Your assignment: When you reach a picture, skip it, and retype every line below exactly.

Provided data:
──────────────────────────────

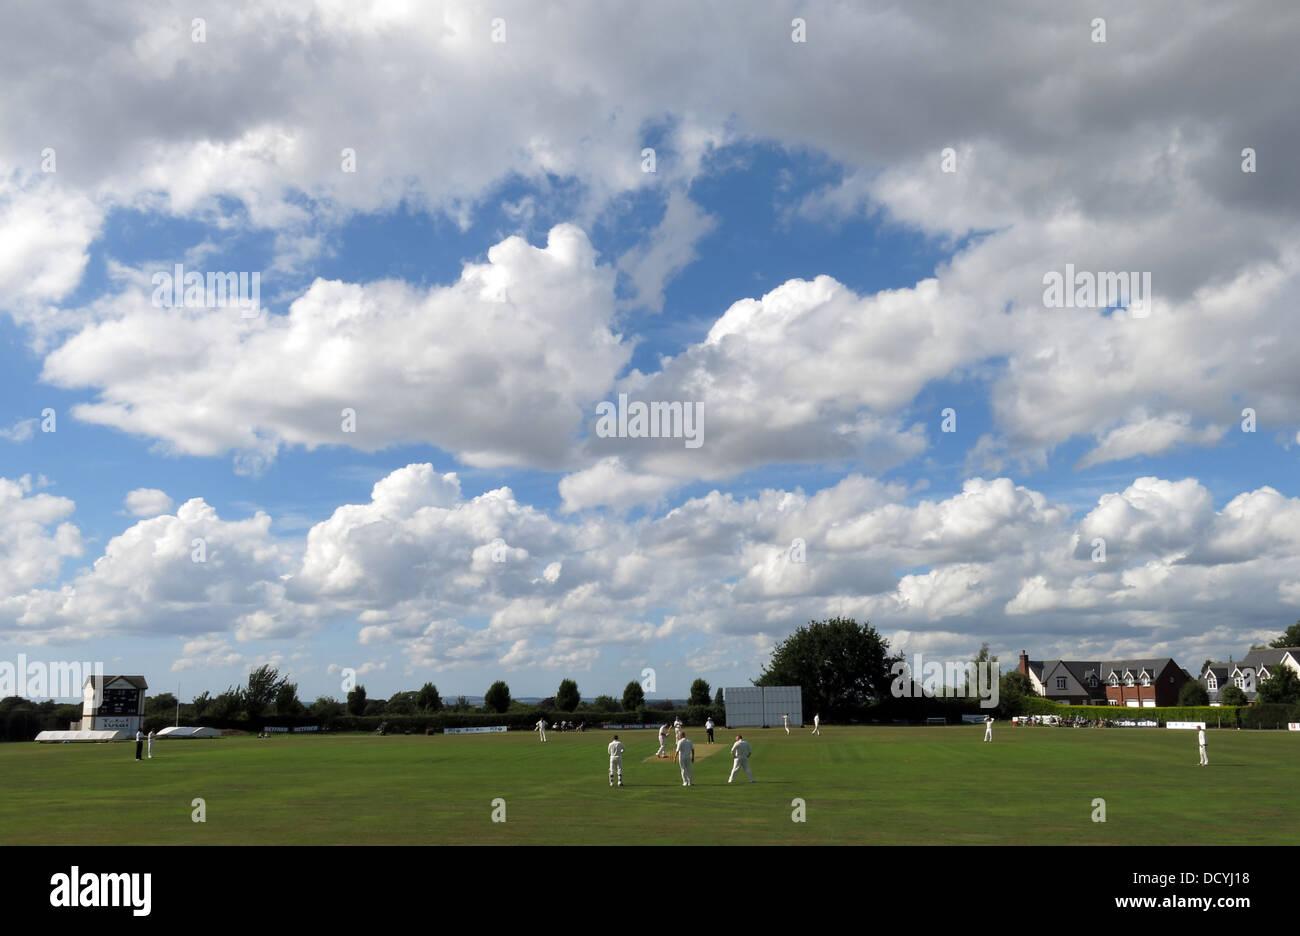 Dieses Stockfoto: Grappers spielen auf einem hellen Sommertag, grappenhall Cricket Club, breit Lane, Grappenhall, Warrington, Cheshire, England, UK WA4 3EH - DCYJ18
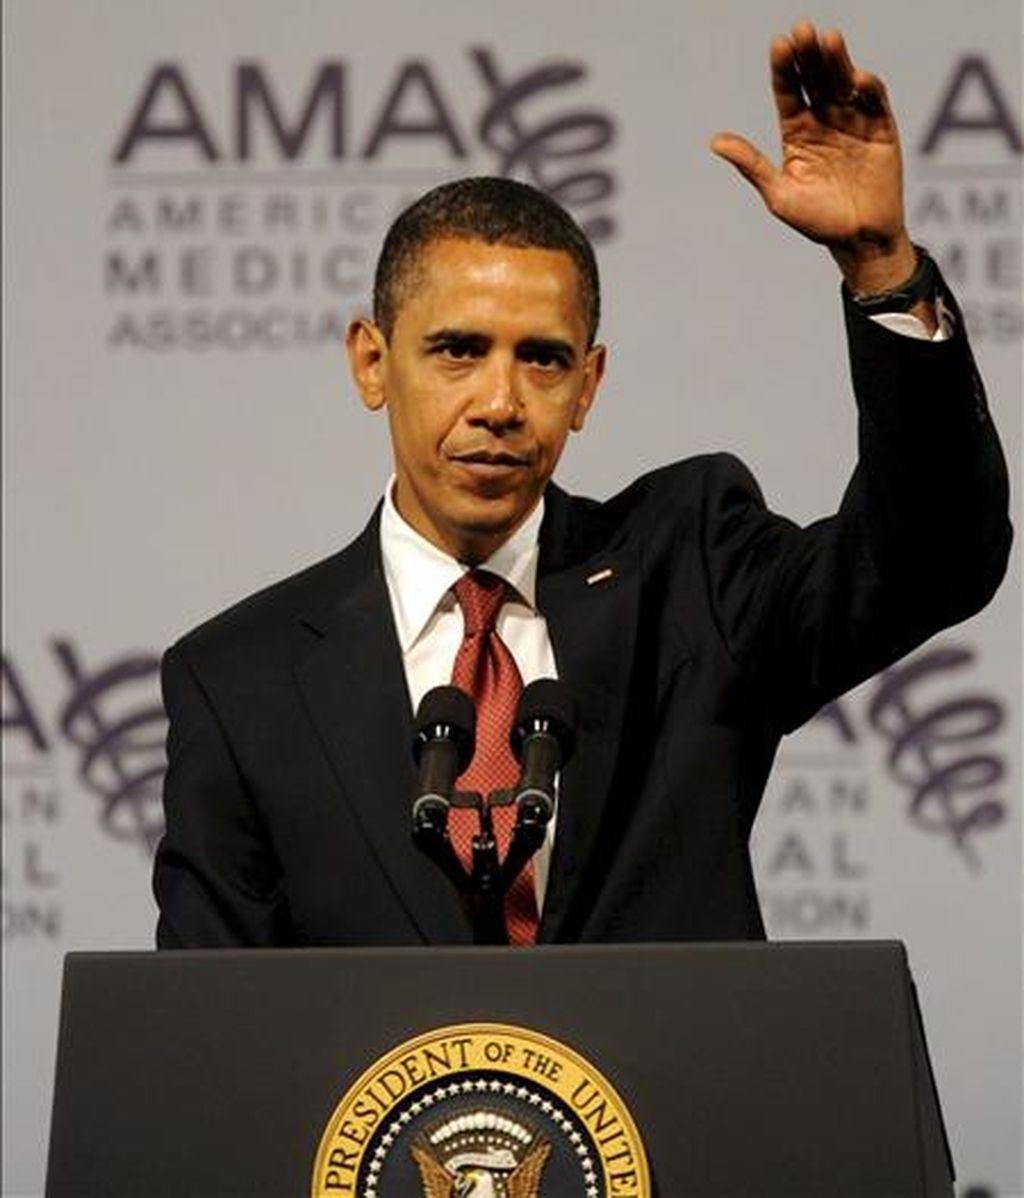 El presidente de Estados Unidos, Barack Obama, ofrece un discurso durante ante la Asociación de Médicos de EE.UU, en Chicago. EFE
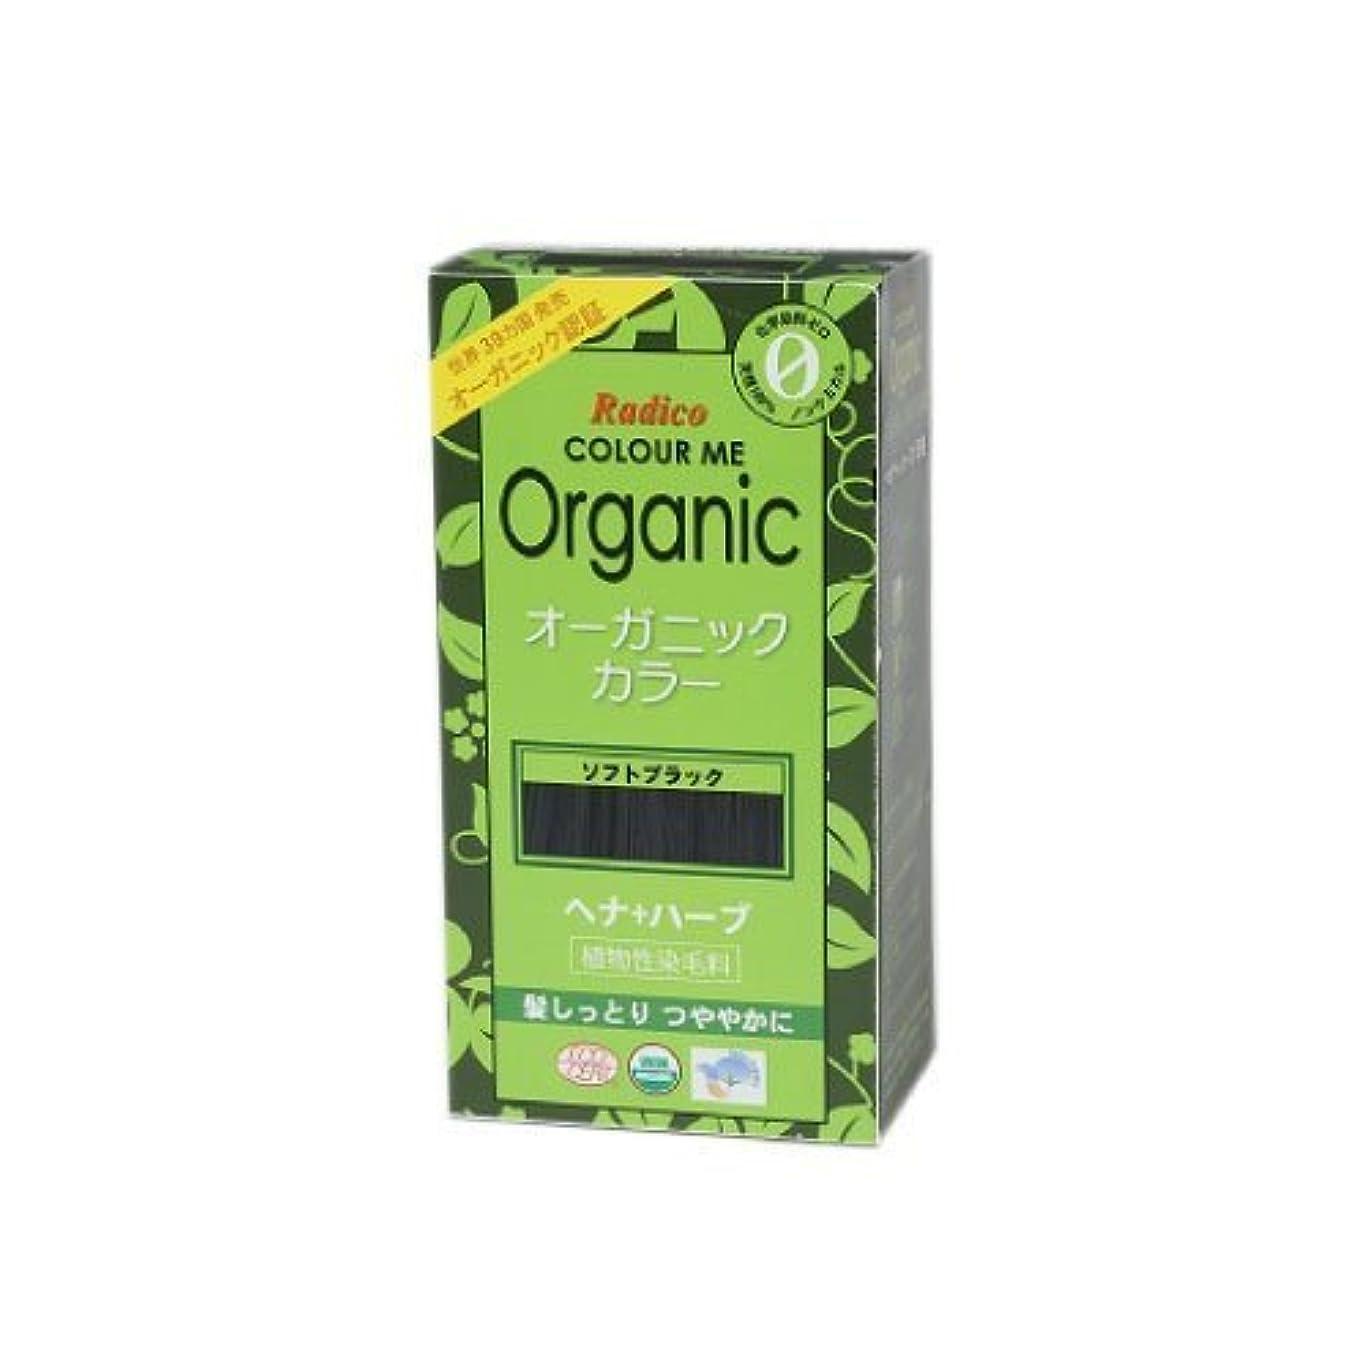 副詞自治序文COLOURME Organic (カラーミーオーガニック ヘナ 白髪用 髪色戻し) ソフトブラック 100g
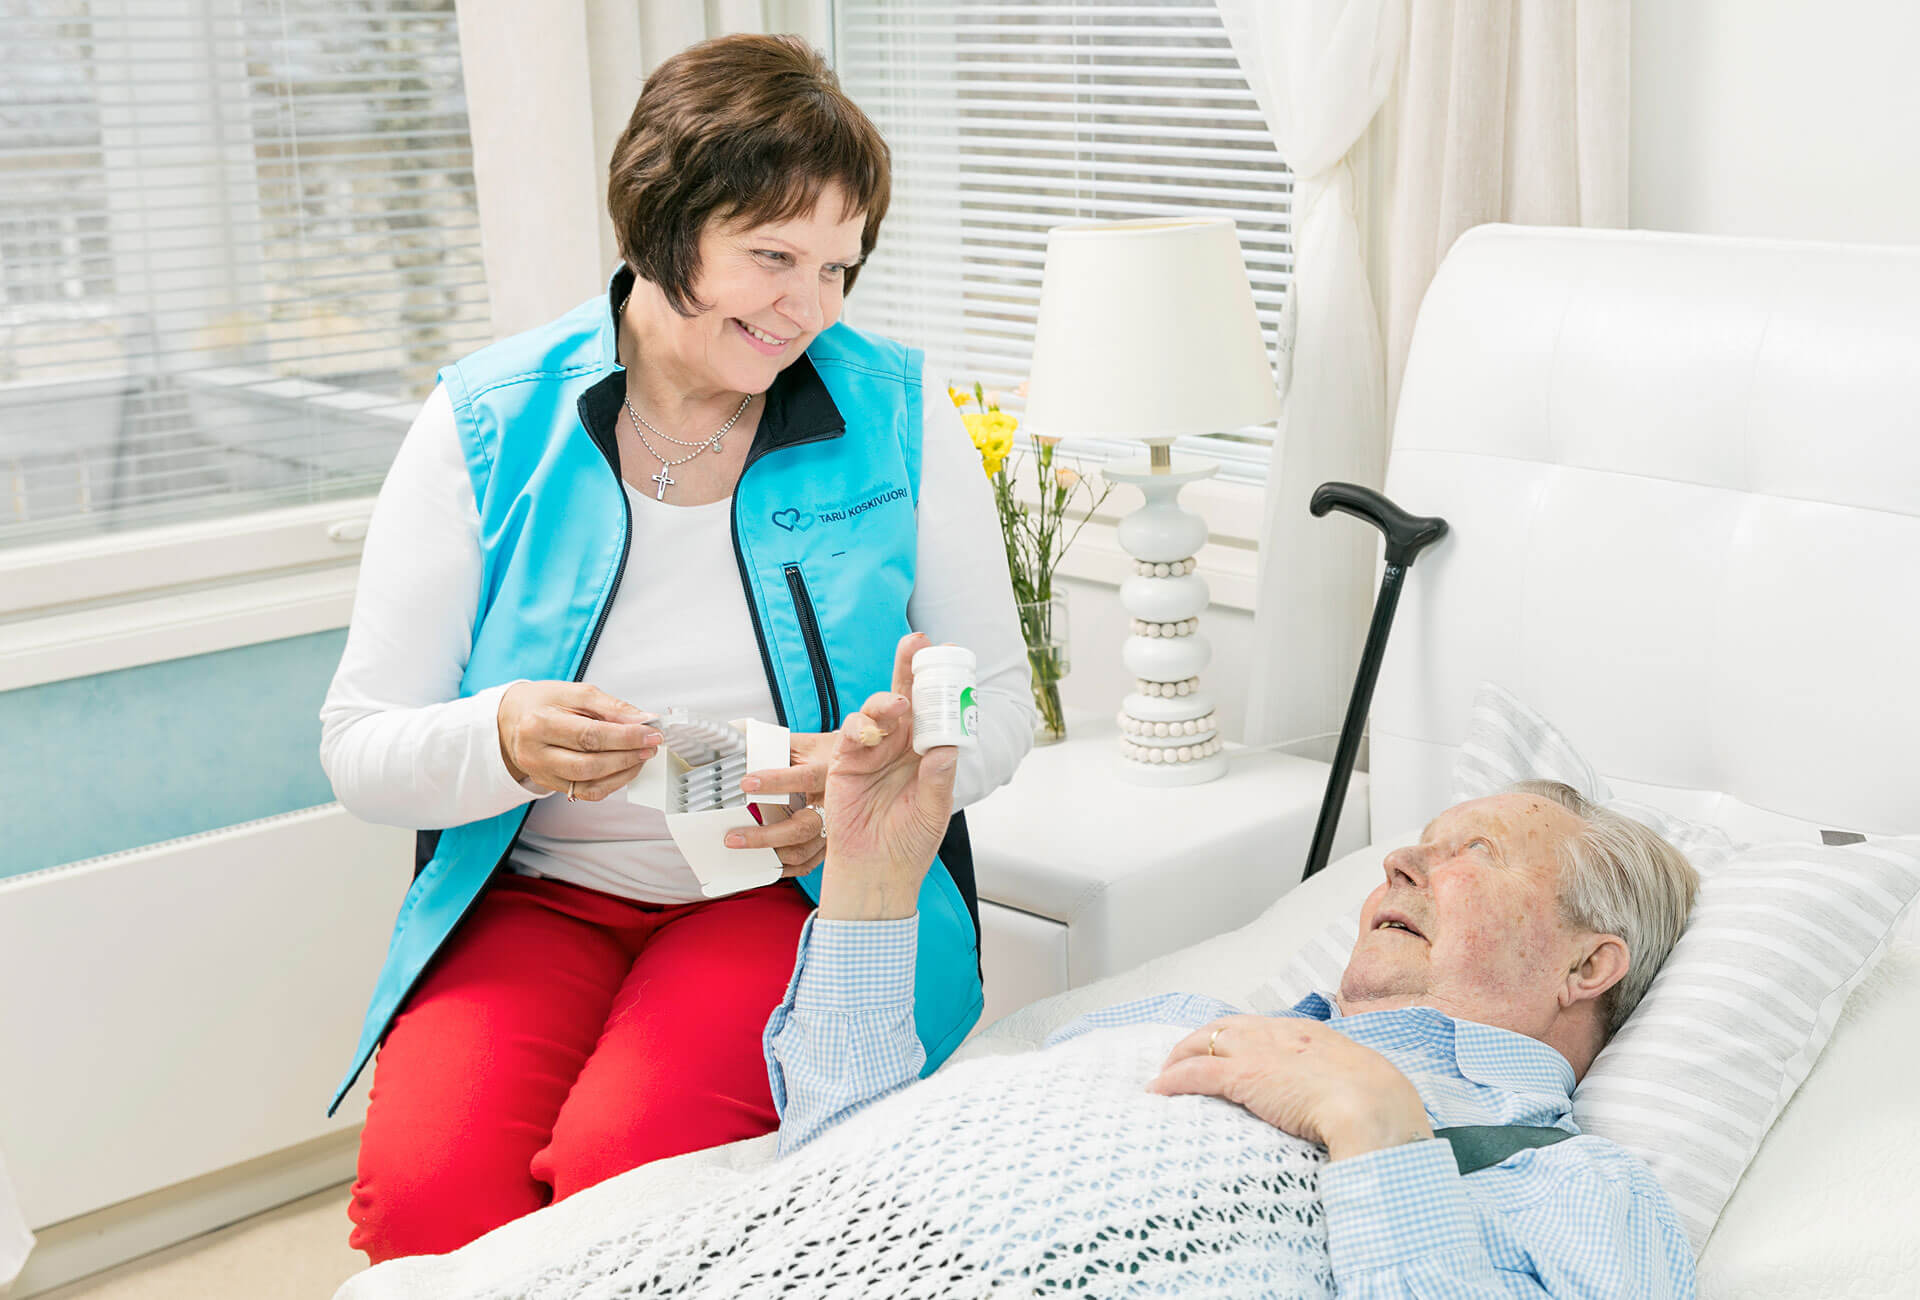 Hoitopalvelut - Hoito- ja hoivapalvelu Taru Koskivuori

──────────────────────────────

Task result:
 Dieses Stockfoto: Grappers spielen auf einem hellen Sommertag, grappenhall Cricket Club, breit Lane, Grappenhall, Warrington, Cheshire, England, UK WA4 3EH - DCYJ18
 El presidente de Estados Unidos, Barack Obama, ofrece un discurso durante ante la Asociación de Médicos de EE.UU, en Chicago. EFE
 副詞自治序文COLOURME Organic (カラーミーオーガニック ヘナ 白髪用 髪色戻し) ソフトブラック 100g
 Hoitopalvelut - Hoito- ja hoivapalvelu Taru Koskivuori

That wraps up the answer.